砂利は、庭石として広く用いられています。

砕石敷きとは何か

砕石敷きとは、文字通り道路の路面や建築物の基礎部分に砕石を敷き詰めることです。

砕石を敷く理由は、地盤を強化し、地面を安定化させるためです。

強化された地盤は、その上に立つ建物の重みに耐えられるようになるため、地盤沈下を起こしにくくなります。

建物や道路を安定化させるため、砕石敷きは必要な工程なのです。

砕石敷きを行う4つの場面

砕石敷きが行われるのは、基礎作成・雑草対策・駐車場の整備・アスファルト施工時の4つの場面です。

それぞれの内容を見てみましょう。

建物の基礎を作るとき

先ほども述べたように、砕石敷きには地盤を安定化させる効果があります。

住宅や工場、ビルといった建築物を建てる際に、地盤を整備するために砕石敷きを行います。

砕石を敷きつめてから転圧機を使って上から圧力をかけると、地盤がしっかりと固まるため、建物の重みに耐えられるようになります。

敷地の雑草対策をするとき

砕石を地面に敷き詰めると、雑草が生えにくくなります。

といっても、ただ砕石を敷き詰めればよいというわけではありません。

雑草対策として砕石を敷く際は、以下の点に注意しましょう。

・砕石を敷く前に雑草を抜く
・土地を平らに整地し圧力をかける
・防草シートを敷く

これらの作業を行ってから砕石を敷くと、雑草をかなり抑えることができます。

砕石を敷いた後、なるべく平らになるように表面をならしましょう。

駐車場を整備するとき

駐車場を整備する際も、砕石敷きを行います。

砕石敷きの目的は車の重量に耐えられるようにするためで、建築現場の基礎で砕石敷きをするときと同じ目的です。

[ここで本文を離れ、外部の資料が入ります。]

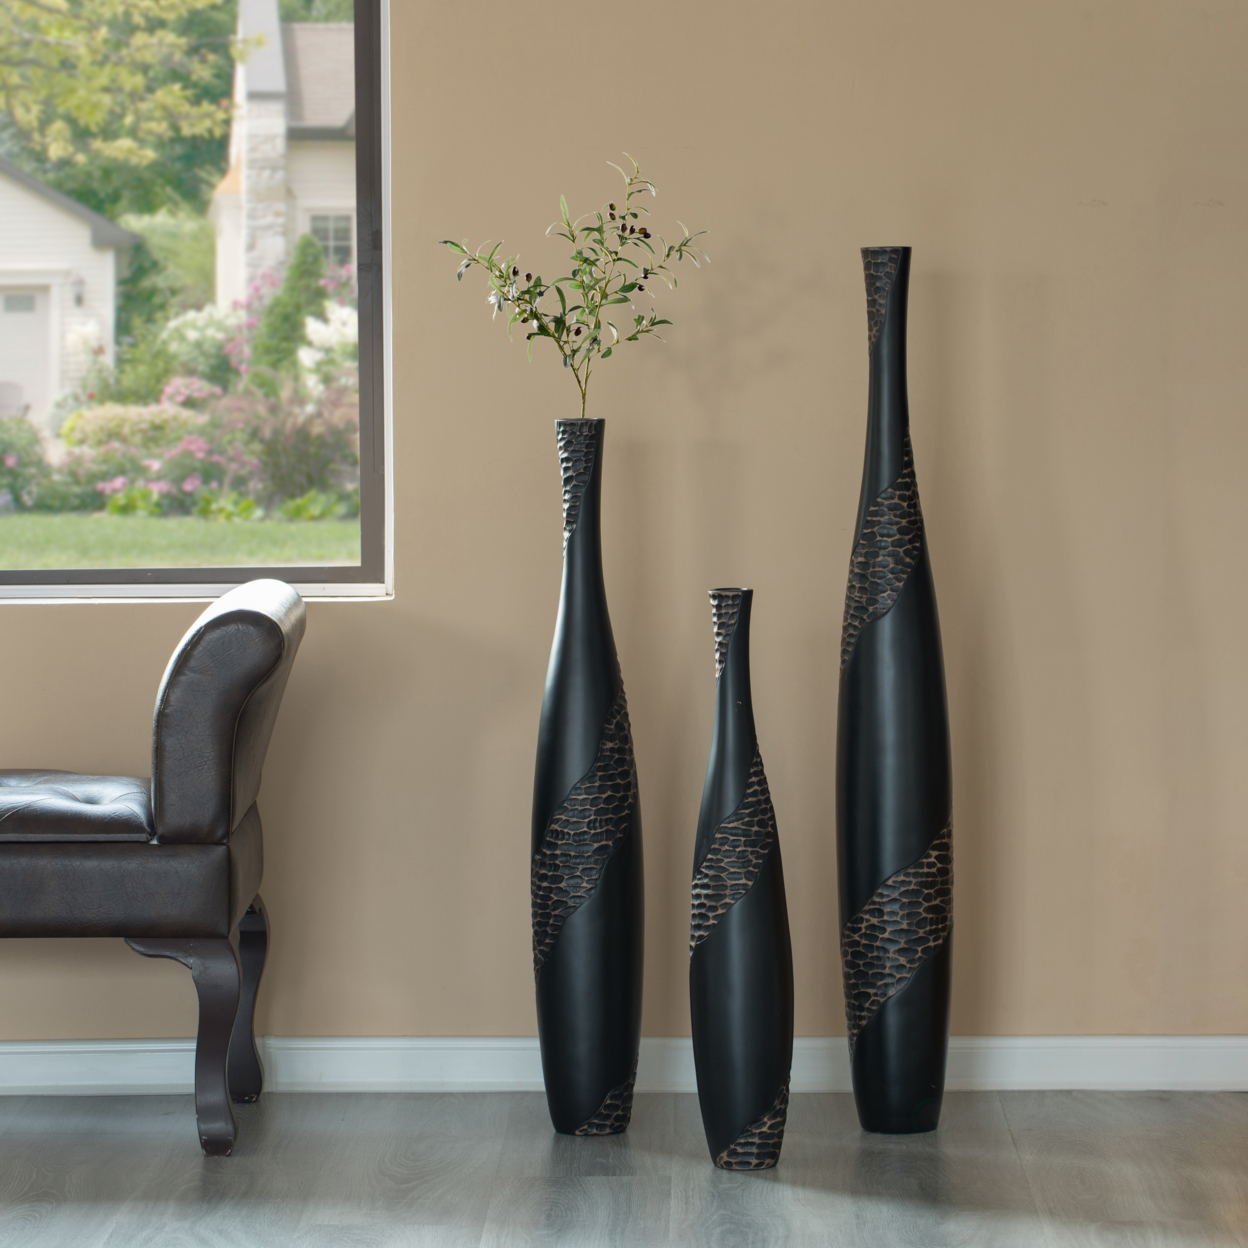 Contemporary Bottle Shape Decorative Floor Vase, Brown With Cobbled Stone Pattern - Set Of 3

アスファルトを使用するのに比べ、砕石は低コストで駐車場整備ができますが、水はけが悪いことや、外観が見劣りする点に注意が必要です。

路面にアスファルトを敷くとき

アスファルトを敷く際も、アスファルトの下に砕石を敷きます。

地面を平らにした後で砕石を敷き、路盤をしっかり修正します。

砕石敷きをいかに丁寧に行ったかで、その後のアスファルト路面の出来がかわってきます。

土地の排水性によって使用する砕石が変わります。

排水性がよく、水があまりたまらない土地であれば薄めの砕石を使用し、排水性が悪い土地であれば、厚めの砕石を使用します。

砕石敷きの手順

砕石敷きの手順は、概ね5つのステップで成り立ちます。

・砕石を敷く場所の面積を測る
・面積に応じて砕石を購入する
・土地を整地する
・地固めをする
・砕石を敷く

最初に、砕石を敷く場所の面積を割り出し、その面積に応じた砕石を購入します。

砕石はホームセンターなどで入手できます。

次に土地の整地を行いますが、整地の良し悪しが、その後の砕石敷きの出来栄えに大きな影響を与えます。

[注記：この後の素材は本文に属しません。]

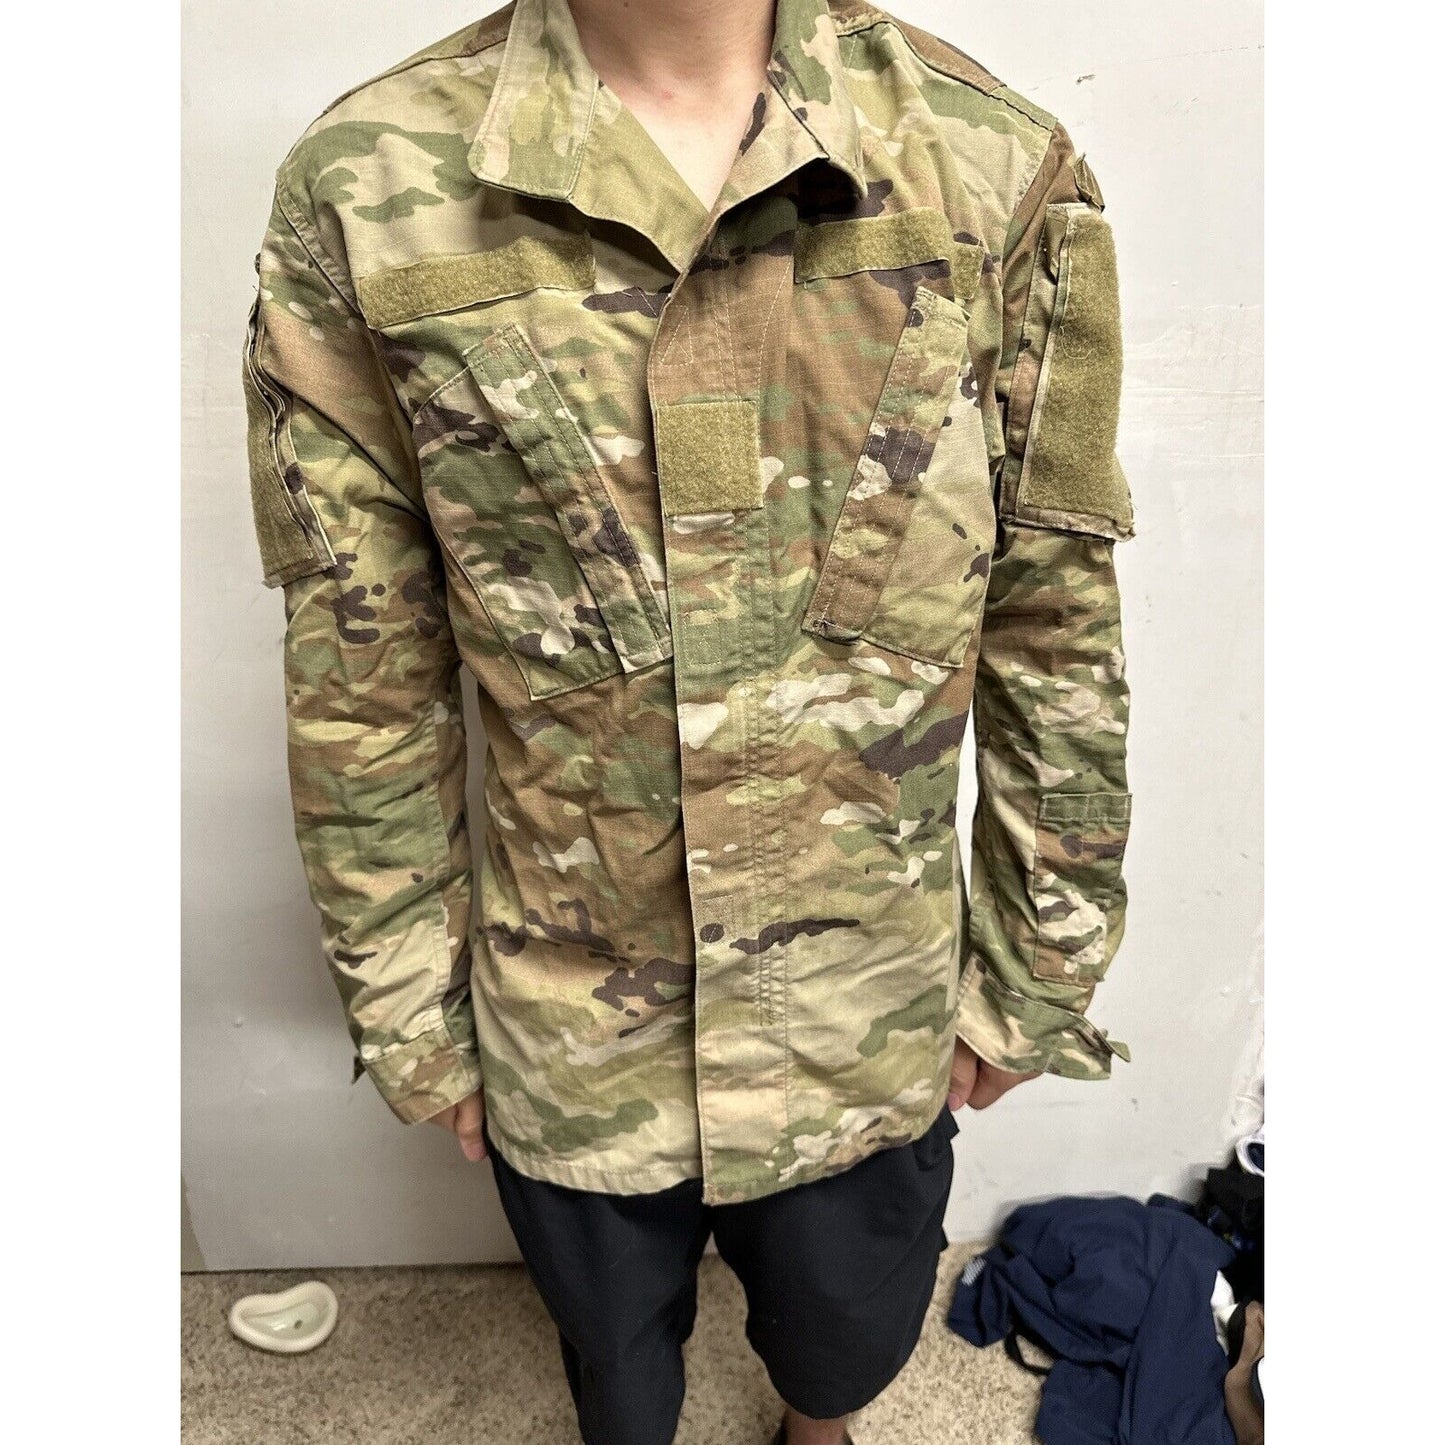 Men’s Ocp Small Regular Army Combat Air Force Space Force

土地を整備する前に、除草作業やごみ拾い、不要な土砂の撤去などをしておきましょう。

土地を平らにする際、土地の形状や面積によっては、重機を入れます。

広い面積の土地で砕石敷きを行う場合は、重機を使って効率よく整地したほうがよいでしょう。

整地が終わったら、砕石を地面に敷き詰めて路盤を作りましょう。

砕石は土地に合ったものを使う必要がありますが、何を使用するべきかわからない場合は、専門の業者に聞いた方がよいでしょう。

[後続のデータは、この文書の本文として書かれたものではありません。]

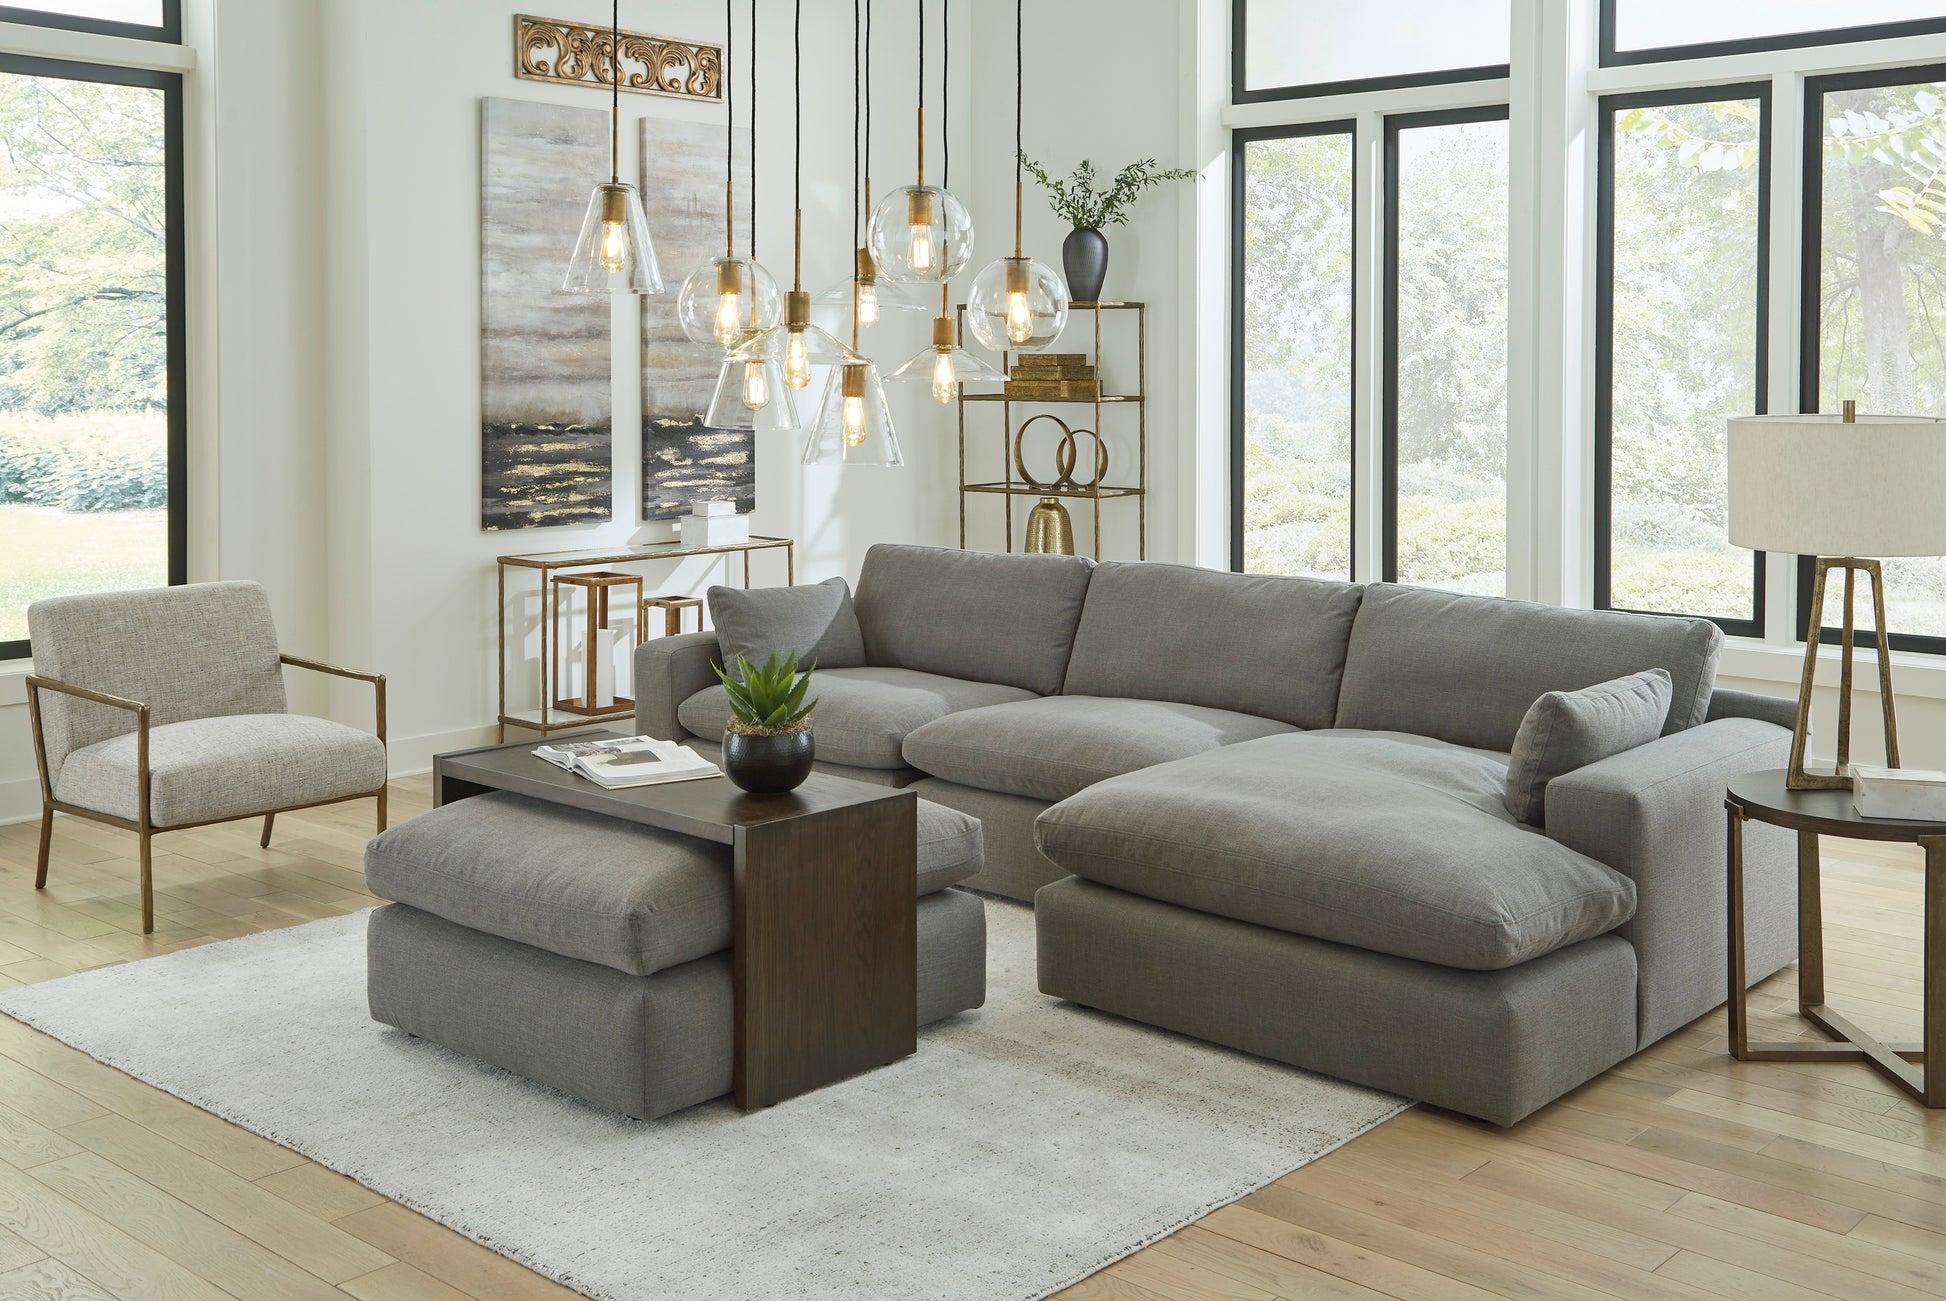 Piece Sectional With Chaise Lounge

砕石を敷き終わったら、上から転圧機などで圧力をかけ、地盤を固めます。

まとめ

今回は砕石敷きについてまとめました。

砕石は人工的に作り出された小さな石であり、天然の砂利とは異なるものです。

角がしっかりあるため、上から圧力をかけたときにしっかり固まりやすいという特徴があります。

建物の基礎作りや雑草対策、駐車場の整備、アスファルトを敷く際などに、砕石敷きを行います。

砕石敷きについて不明な点がある際は、知識やスキルを持つ業者に相談してから行った方がよいでしょう。